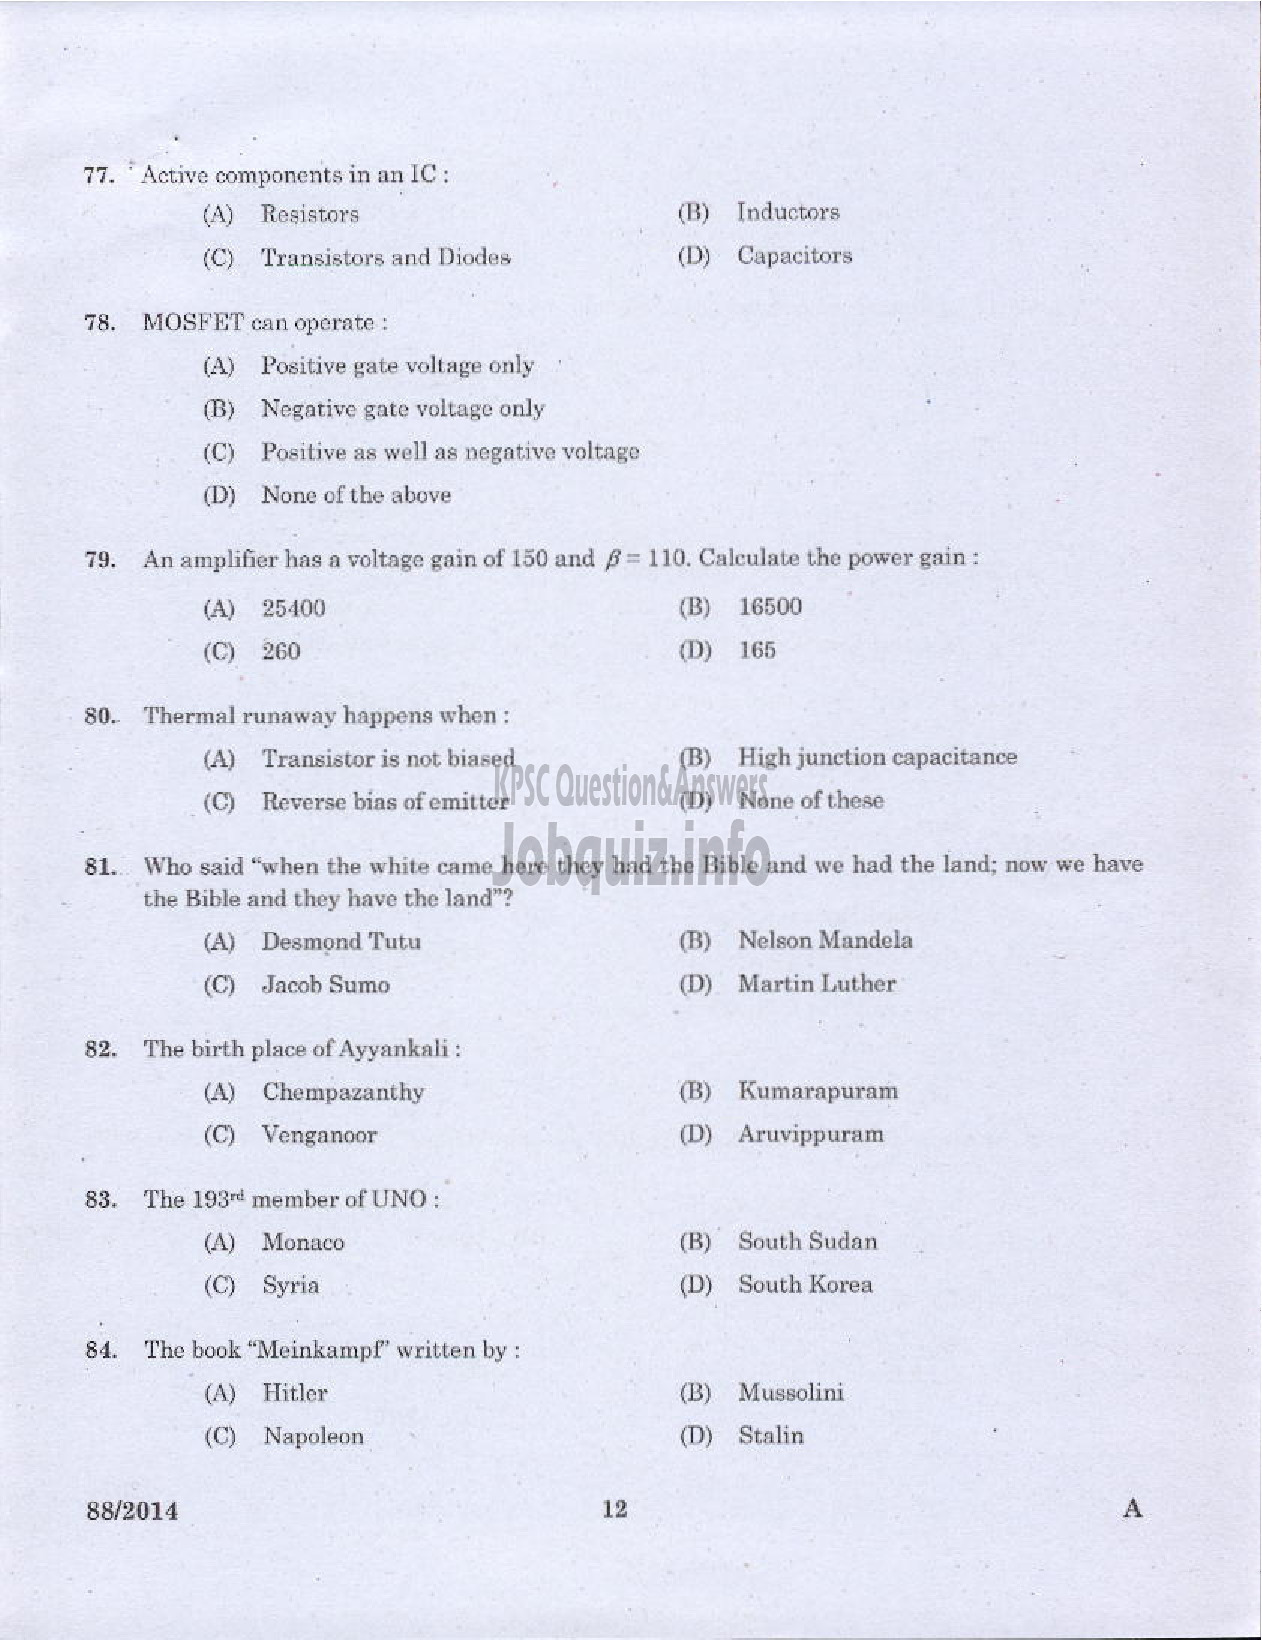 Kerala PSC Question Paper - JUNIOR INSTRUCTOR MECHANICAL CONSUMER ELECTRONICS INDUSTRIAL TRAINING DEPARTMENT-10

━━━━━━

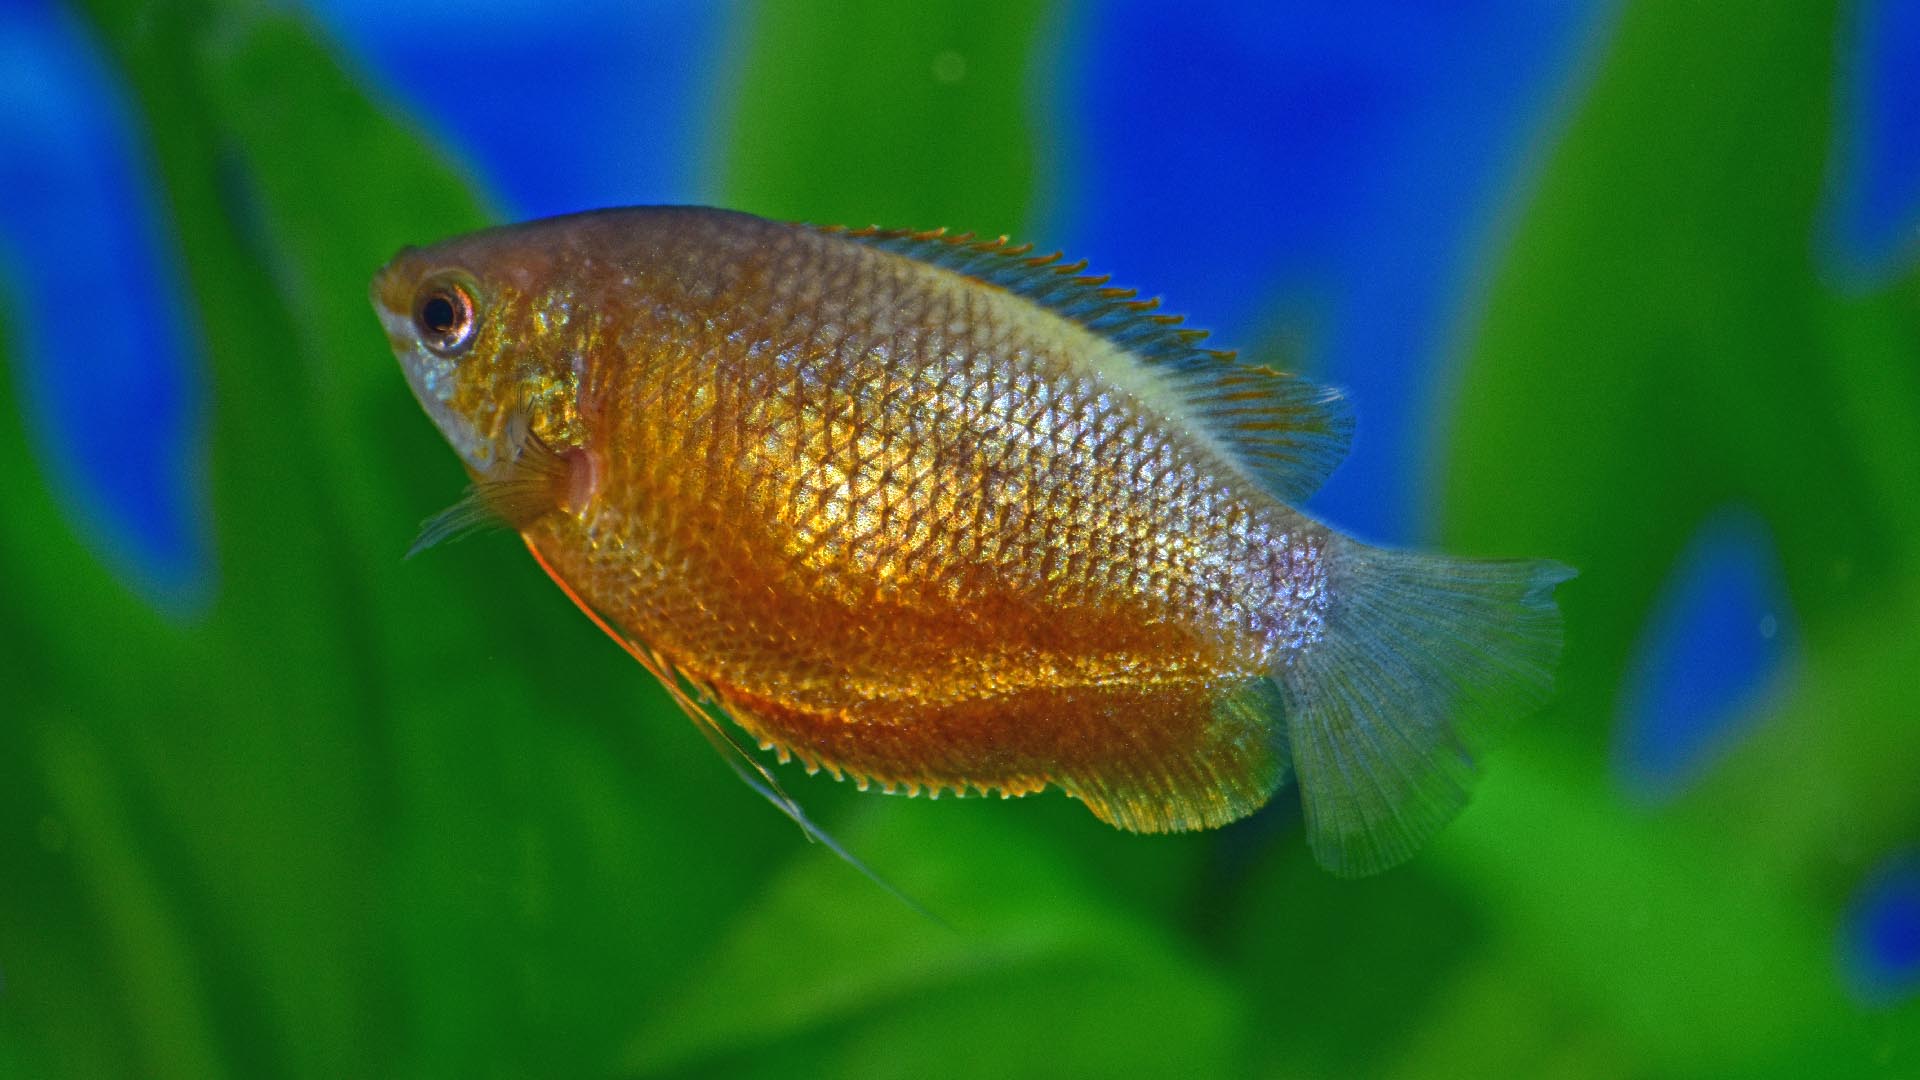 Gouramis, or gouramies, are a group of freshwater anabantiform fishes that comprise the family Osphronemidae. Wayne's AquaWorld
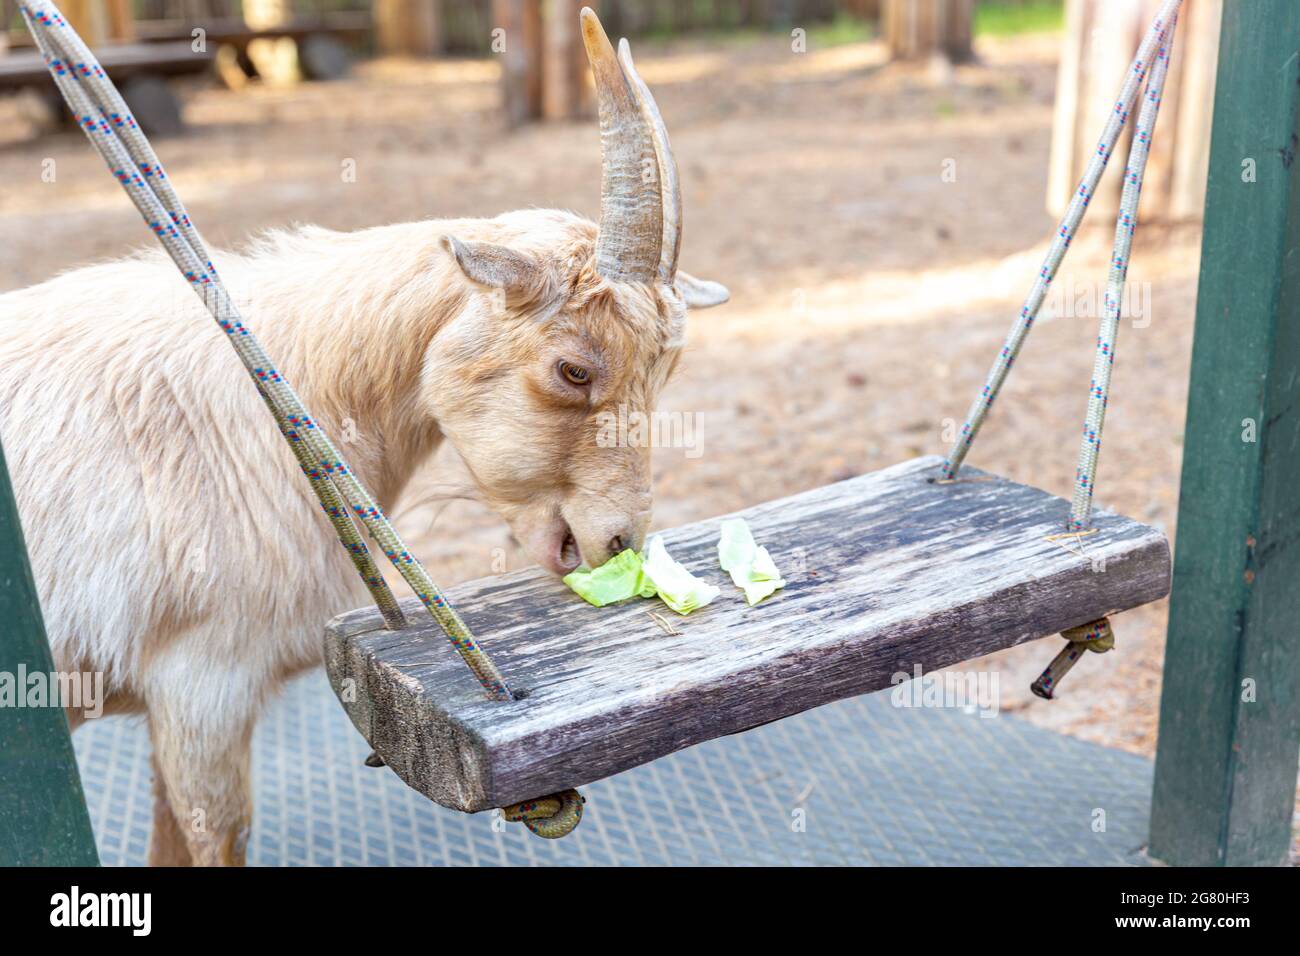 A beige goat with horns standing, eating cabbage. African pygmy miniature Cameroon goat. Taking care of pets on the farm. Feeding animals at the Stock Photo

━━━━━━

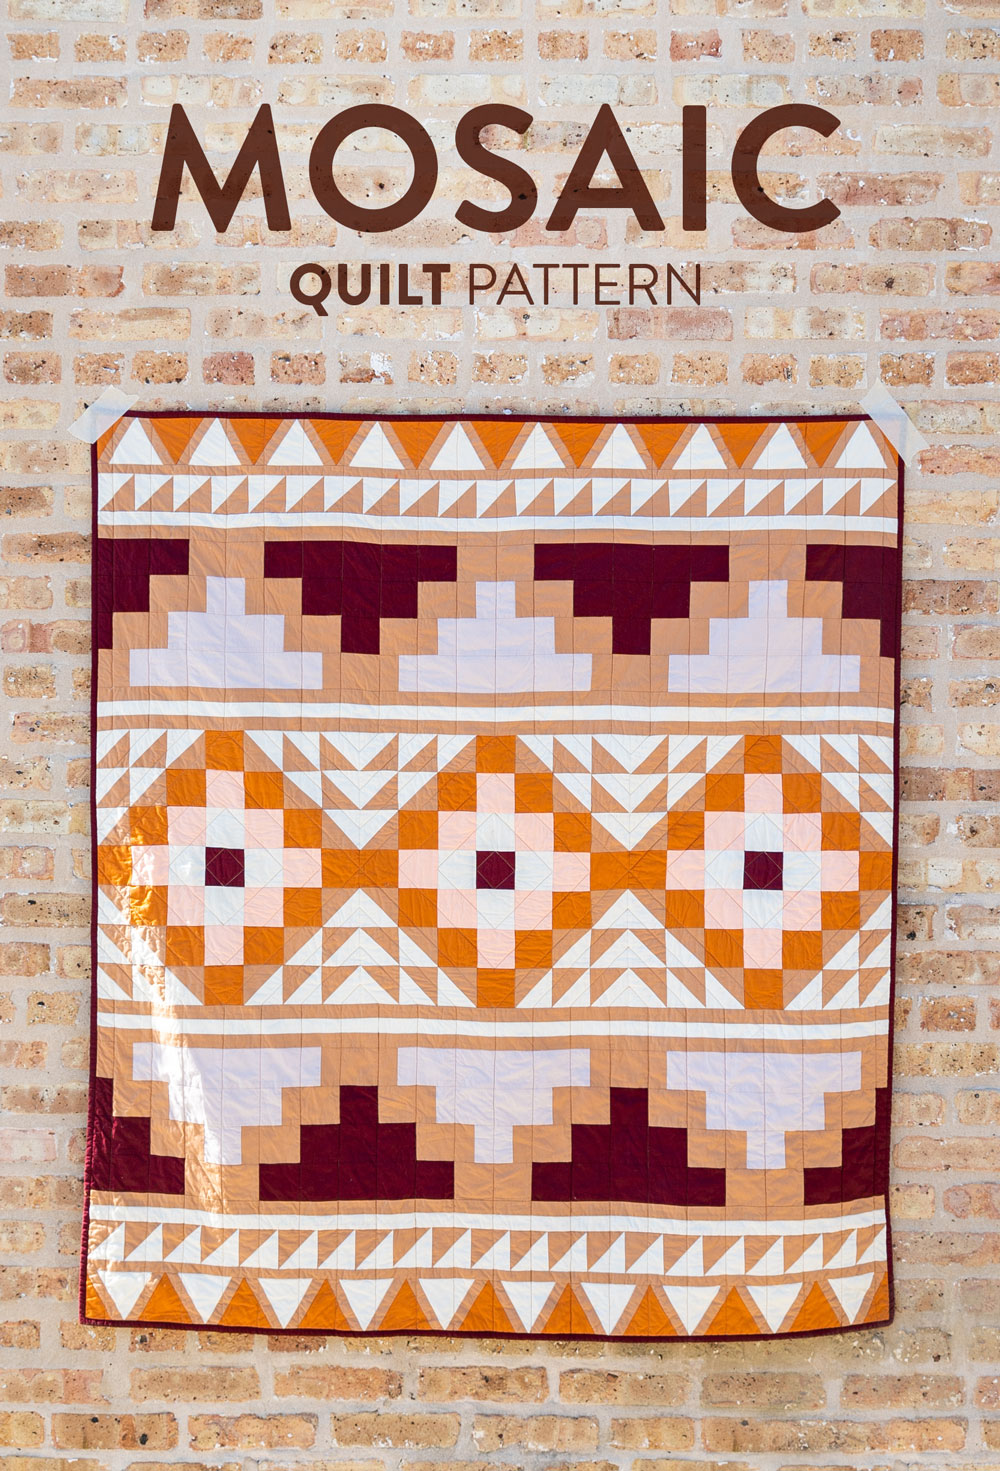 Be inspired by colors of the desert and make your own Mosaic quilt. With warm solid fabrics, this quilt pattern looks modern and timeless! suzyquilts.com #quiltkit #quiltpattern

━━━━━━

The response must repeat exactly the lines above from the one with "Gouramis, or gouramies, are" through the one with "A beige goat", including both, and must contain no pictures and no other text.

**Answer to this problem**
 Gouramis, or gouramies, are a group of freshwater anabantiform fishes that comprise the family Osphronemidae. Wayne's AquaWorld
 A beige goat with horns standing, eating cabbage. African pygmy miniature Cameroon goat. Taking care of pets on the farm. Feeding animals at the Stock Photo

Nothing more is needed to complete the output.